Output exactly the lines from the line that has "BEN SHERMAN Retro" through the last line of the data below, with no pictures.

Stored data
§ §

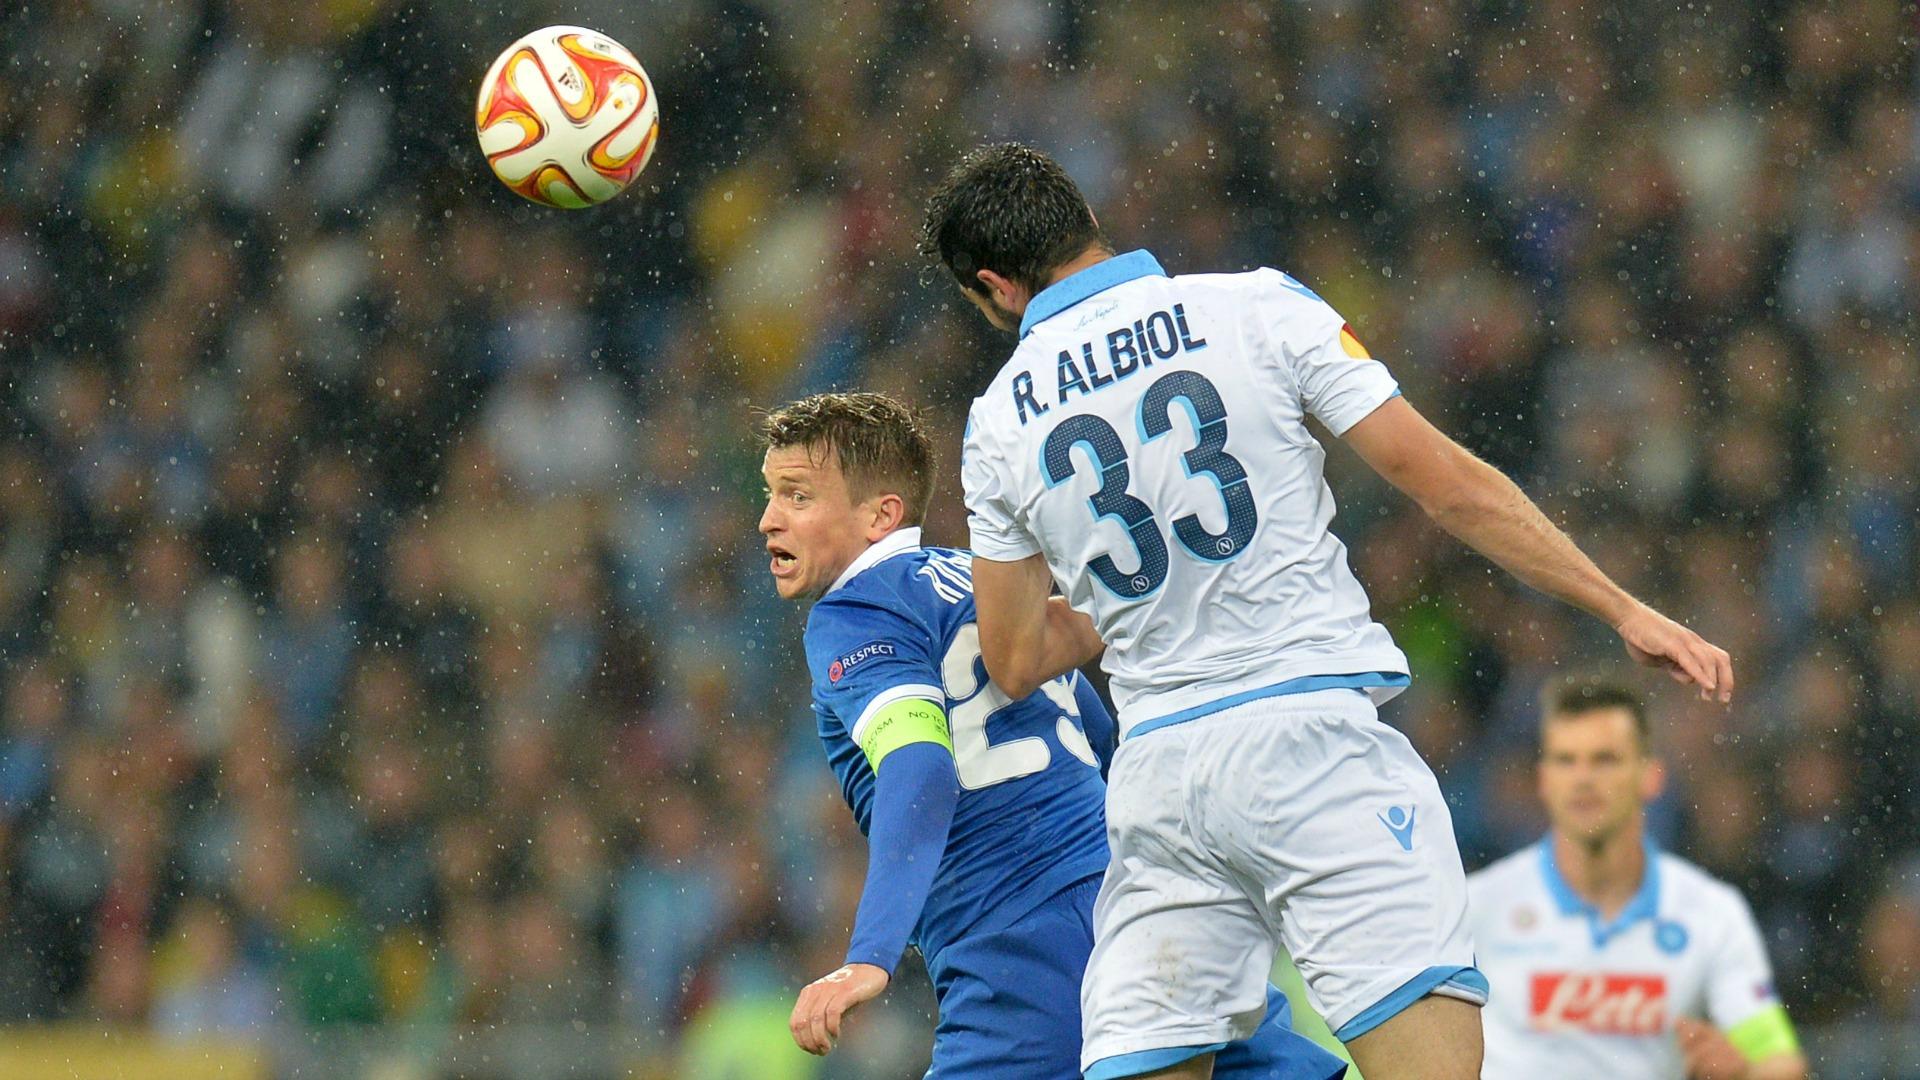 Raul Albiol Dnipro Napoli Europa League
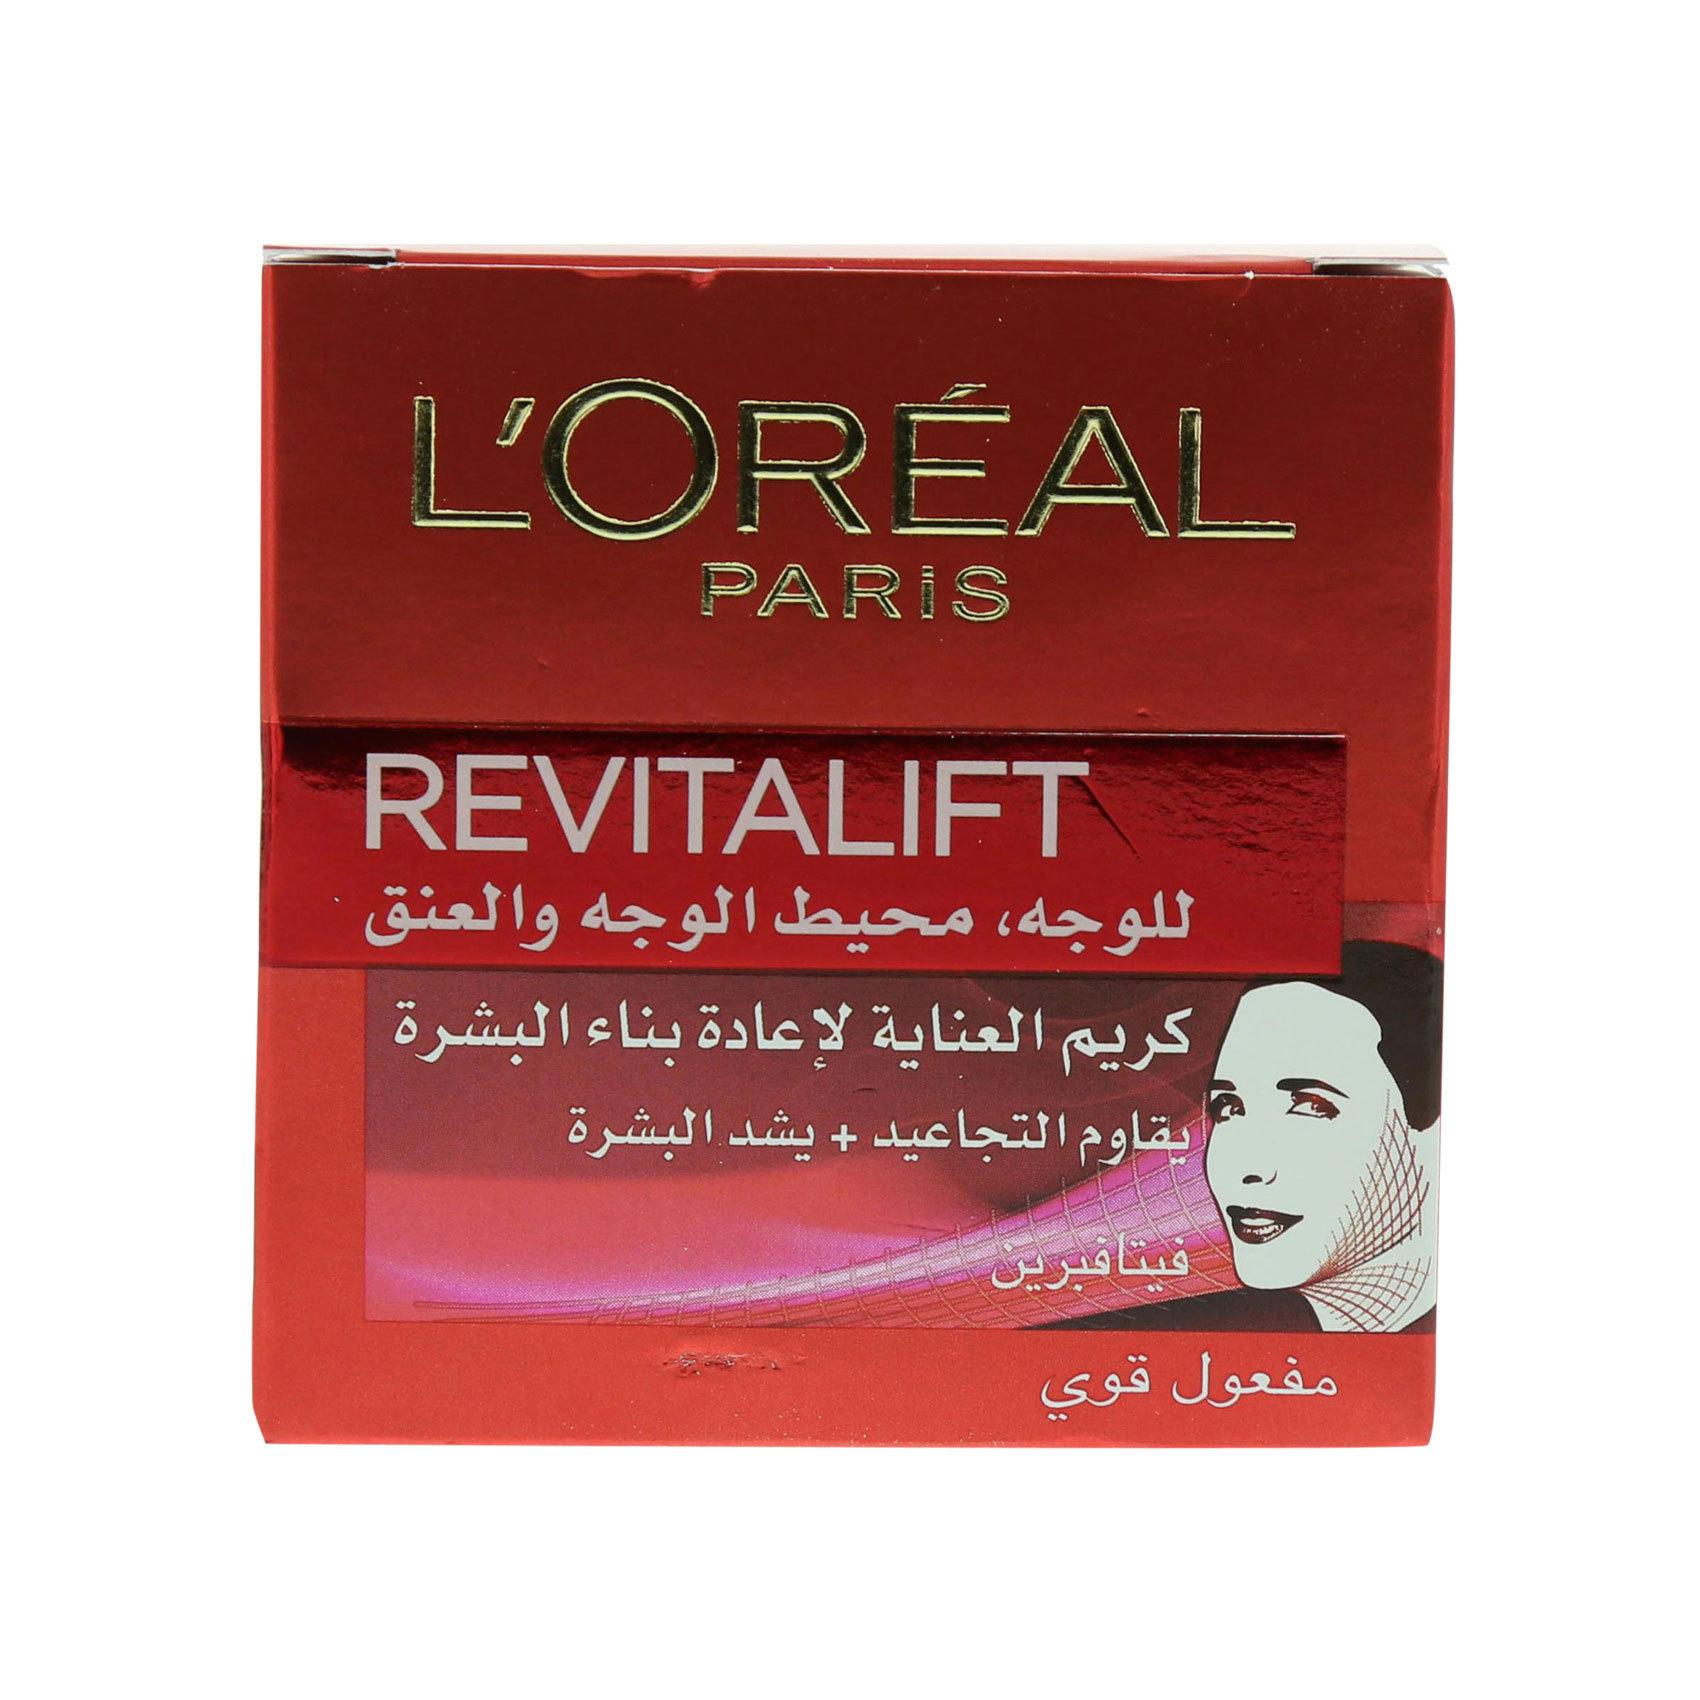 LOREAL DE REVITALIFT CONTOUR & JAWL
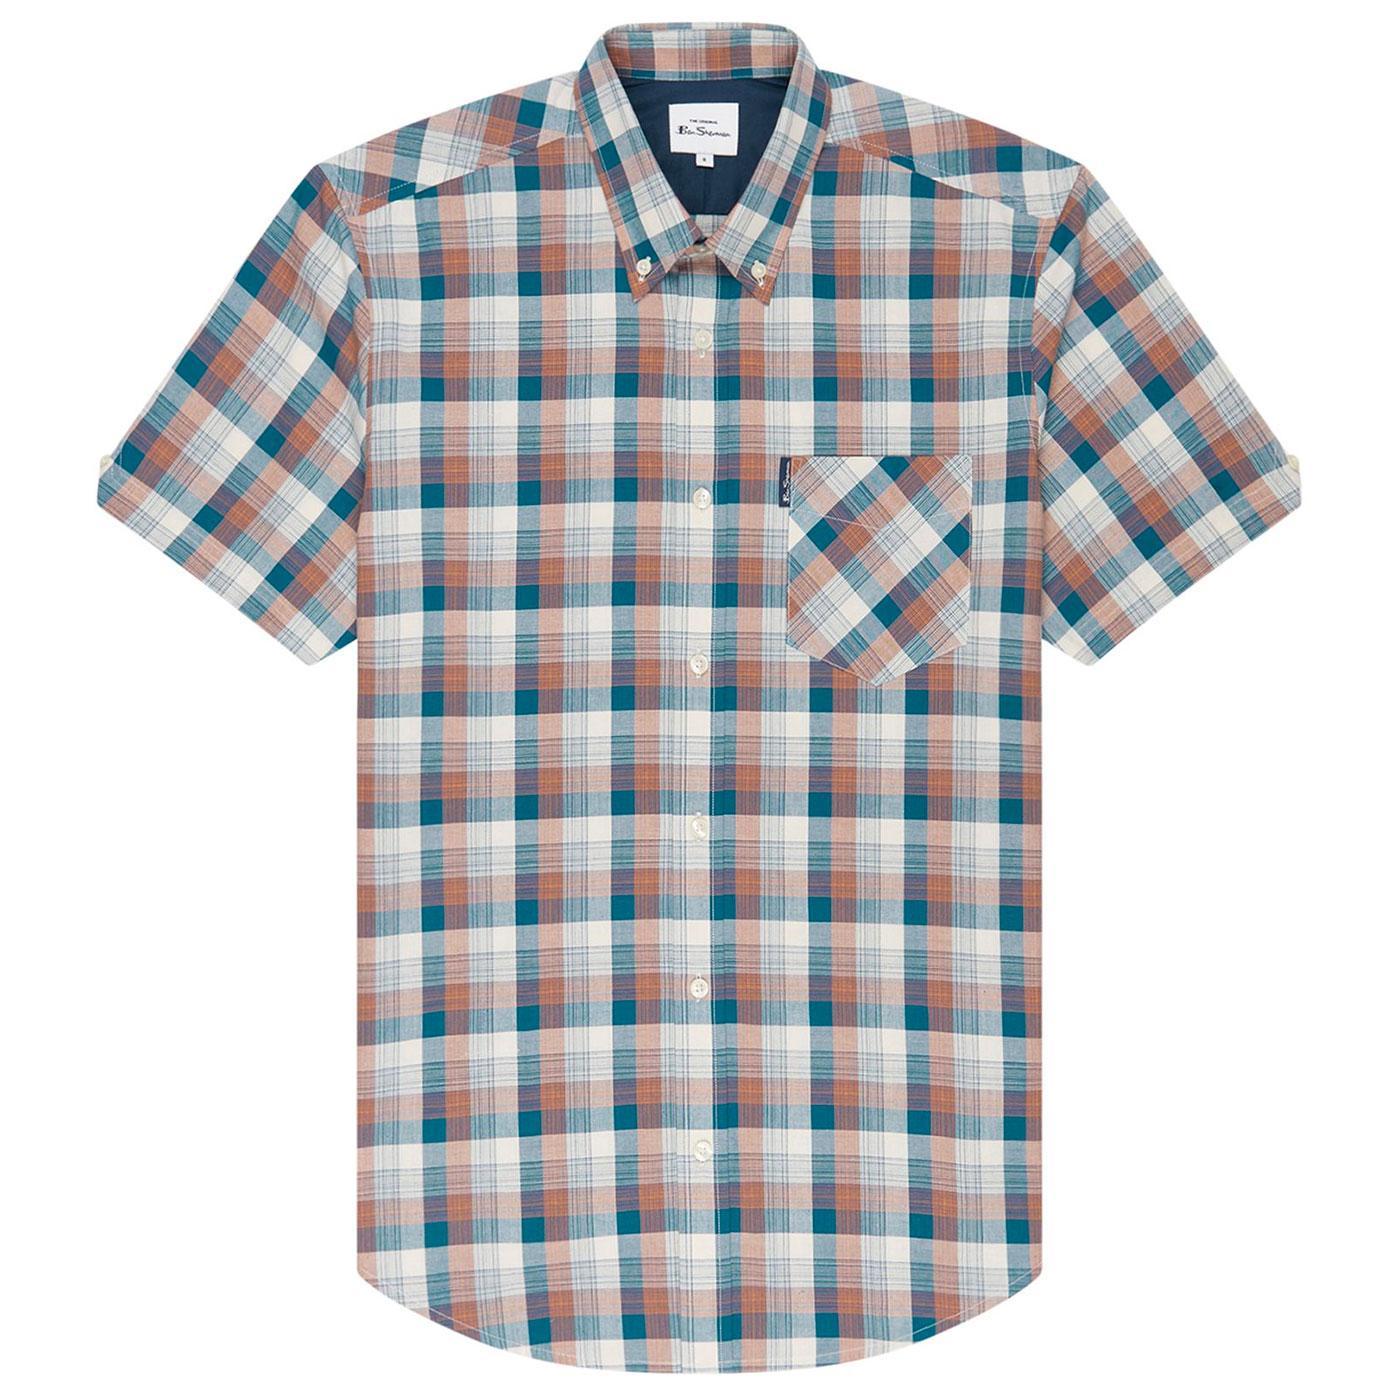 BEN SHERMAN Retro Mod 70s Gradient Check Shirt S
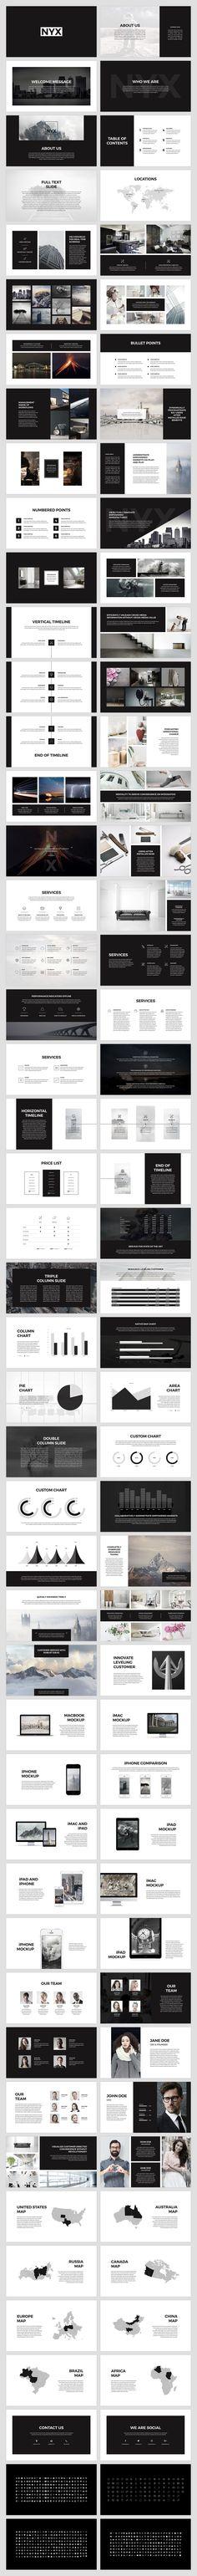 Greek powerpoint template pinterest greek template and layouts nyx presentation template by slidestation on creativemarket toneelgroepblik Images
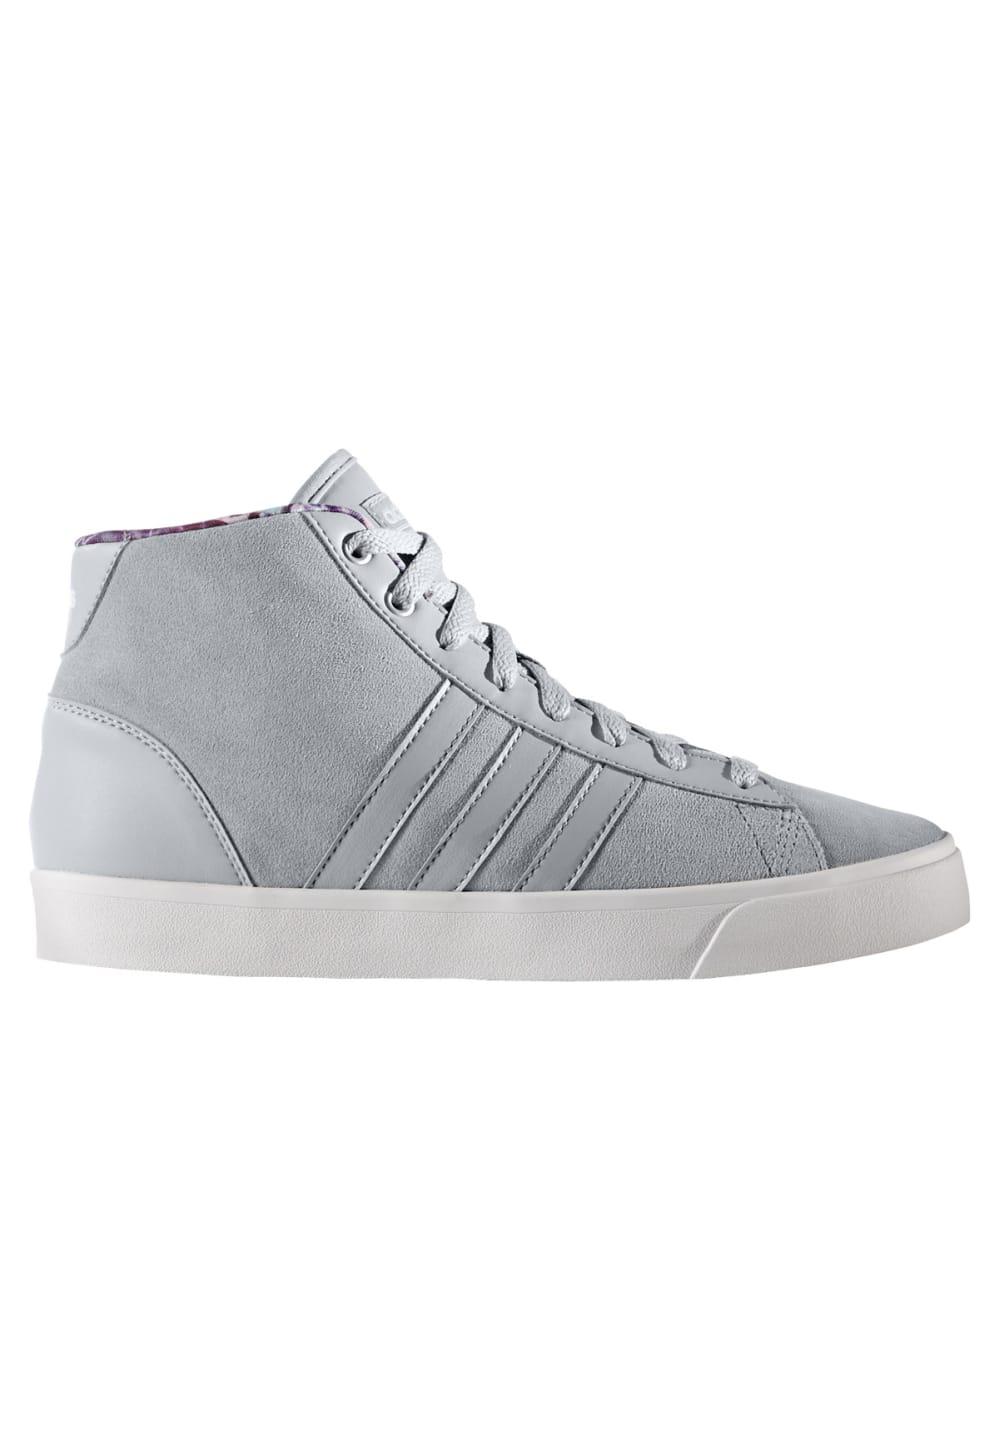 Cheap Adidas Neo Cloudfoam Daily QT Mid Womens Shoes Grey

§ §

- _PROBLEM SOLUTION_:
 BEN SHERMAN Retro Mod 70s Gradient Check Shirt S
 Greek powerpoint template pinterest greek template and layouts nyx presentation template by slidestation on creativemarket toneelgroepblik Images
 Cheap Adidas Neo Cloudfoam Daily QT Mid Womens Shoes Grey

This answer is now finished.